“My mother didn’t want to keep it”: found in a cellar, this painting would be a Picasso estimated at 6 million euros

“My mother didn’t want to keep it”: found in a cellar, this painting would be a Picasso estimated at 6 million euros
“My mother didn’t want to keep it”: found in a cellar, this painting would be a Picasso estimated at 6 million euros

Has a new work by Picasso just been unearthed in Pompeii, Italy? After calling on experts in authenticating works of art, Andrea Lo Rosso, 60, is now convinced of it. The painting found by his father, Luigi, while emptying the cellar of a house in Capri in 1962, and hung in his living room for decades, is believed to be an original portrait of Dora Maar, a Franco-Croatian artist who was the muse and the mistress of Pablo Picasso.

Andrea Lo Rosso began to wonder about the origin of the work when she observed the signature on the upper left corner of the painting. He found that it looked very similar to that of Picasso represented in the art history encyclopedia given to him by his aunt.

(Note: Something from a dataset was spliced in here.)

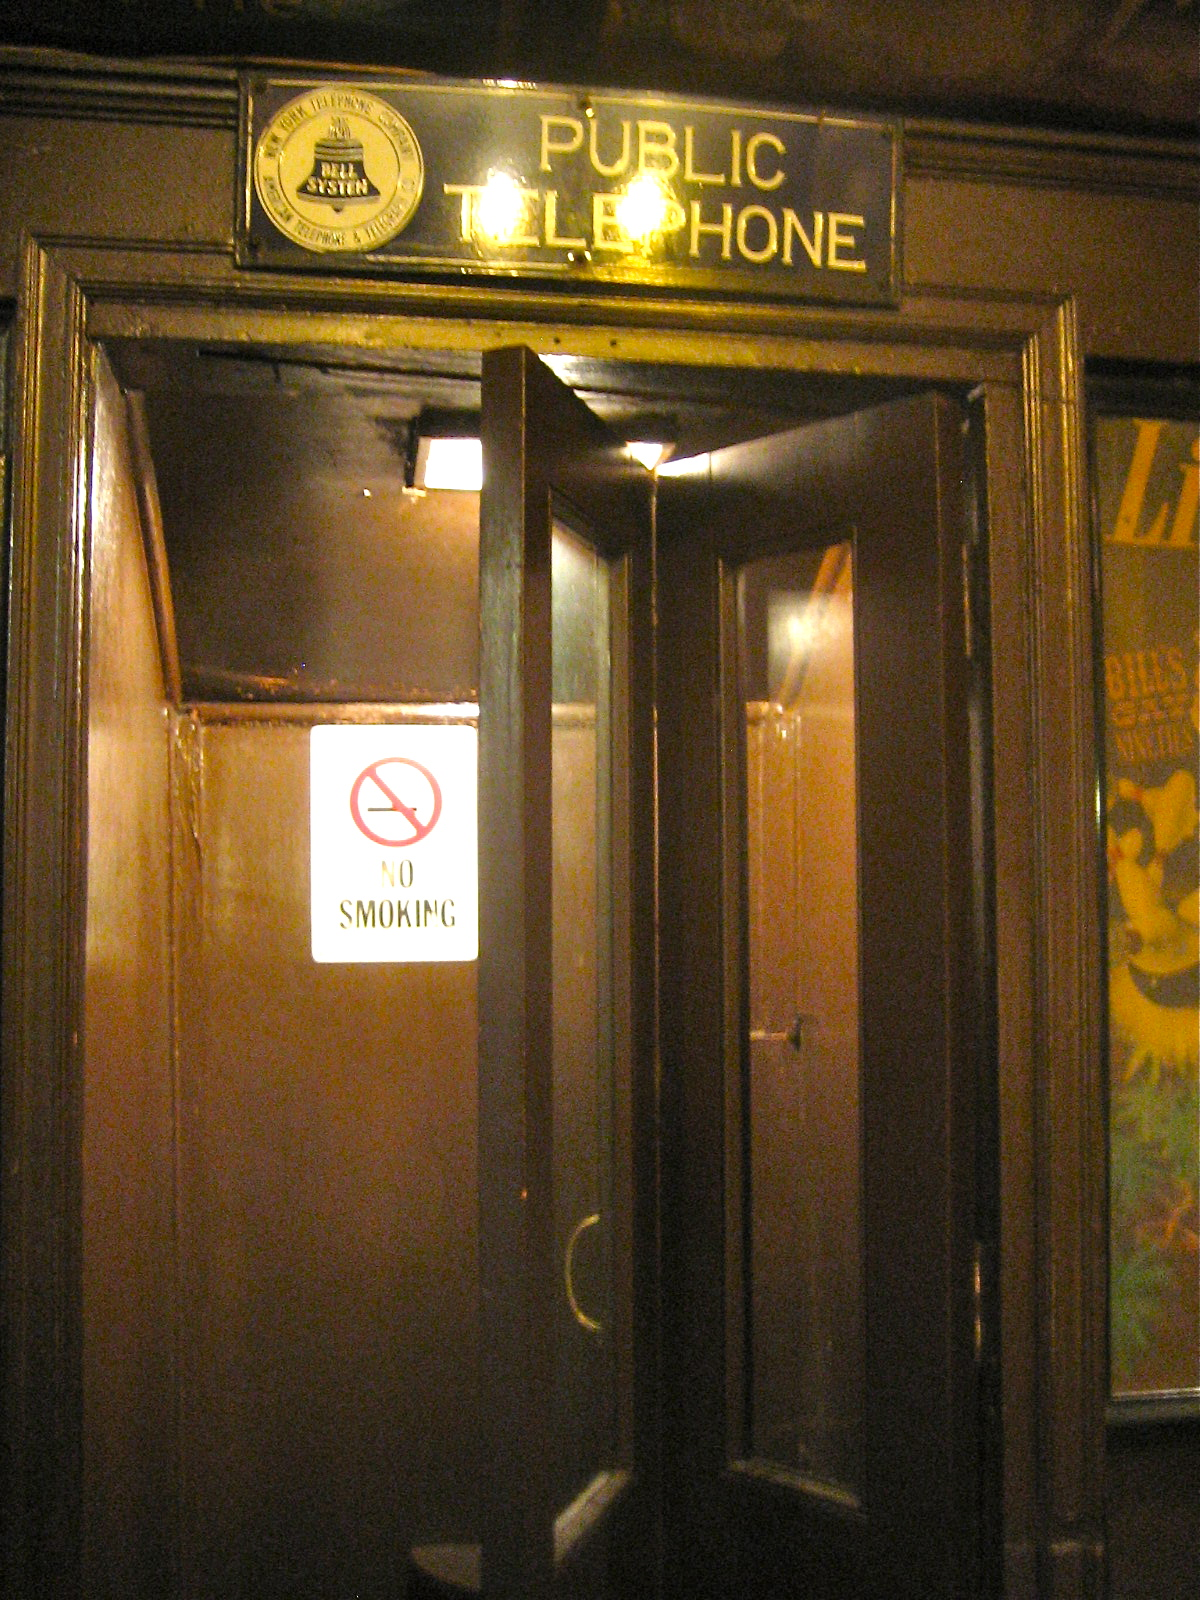 New Restaurant in Bills Gay Nineties Space Opens Tomorrow

“He had no idea who Picasso was”

“I looked at the painting and compared it to his signature. I kept telling my father that they were the same, but he didn’t hear it,” says the son, for whom the father was not “very cultured.” “He found the painting before I was born and had no idea who Picasso was. » The family even thought about getting rid of it at one point, before changing their mind. “My mother didn’t want to keep it, she kept saying it was horrible. »

The son never gave up. Even after his father’s death, he continued to investigate and call on art experts. Cinzia Altieri, graphologist and member of the scientific committee of the Arcadia Foundation, authenticated the signature on the painting as being that of Picasso, reports The Guardian. He valued the painting at 6 million euros.

“I worked on it for months, comparing it to some of his original works. There is no doubt that the signature is his. There is no evidence to suggest that it is false,” he explained.

The painting must still be authenticated by the Picasso Foundation

Andrea Lo Rosso tried to contact the Picasso Foundation in Malaga on several occasions, without success. She receives hundreds of messages every day from people claiming to be in possession of an original by the artist.

The bust of Dora Maar was painted in 1938 and stolen from a Saudi sheikh’s yacht in 1999 before its trace was found 20 years later. But according to Luca Marcante, president of the Arcadia Foundation, there could be two versions of the work. “They are probably two portraits, not exactly identical, of the same subject painted by Picasso at two different periods,” he told the Italian newspaper Il Giorno.

He too is certain of it: “The one found in Capri and today kept in a chest in Milan is authentic. » He will present his observations to the Foundation, which has the final say on the authentications of Picasso’s paintings.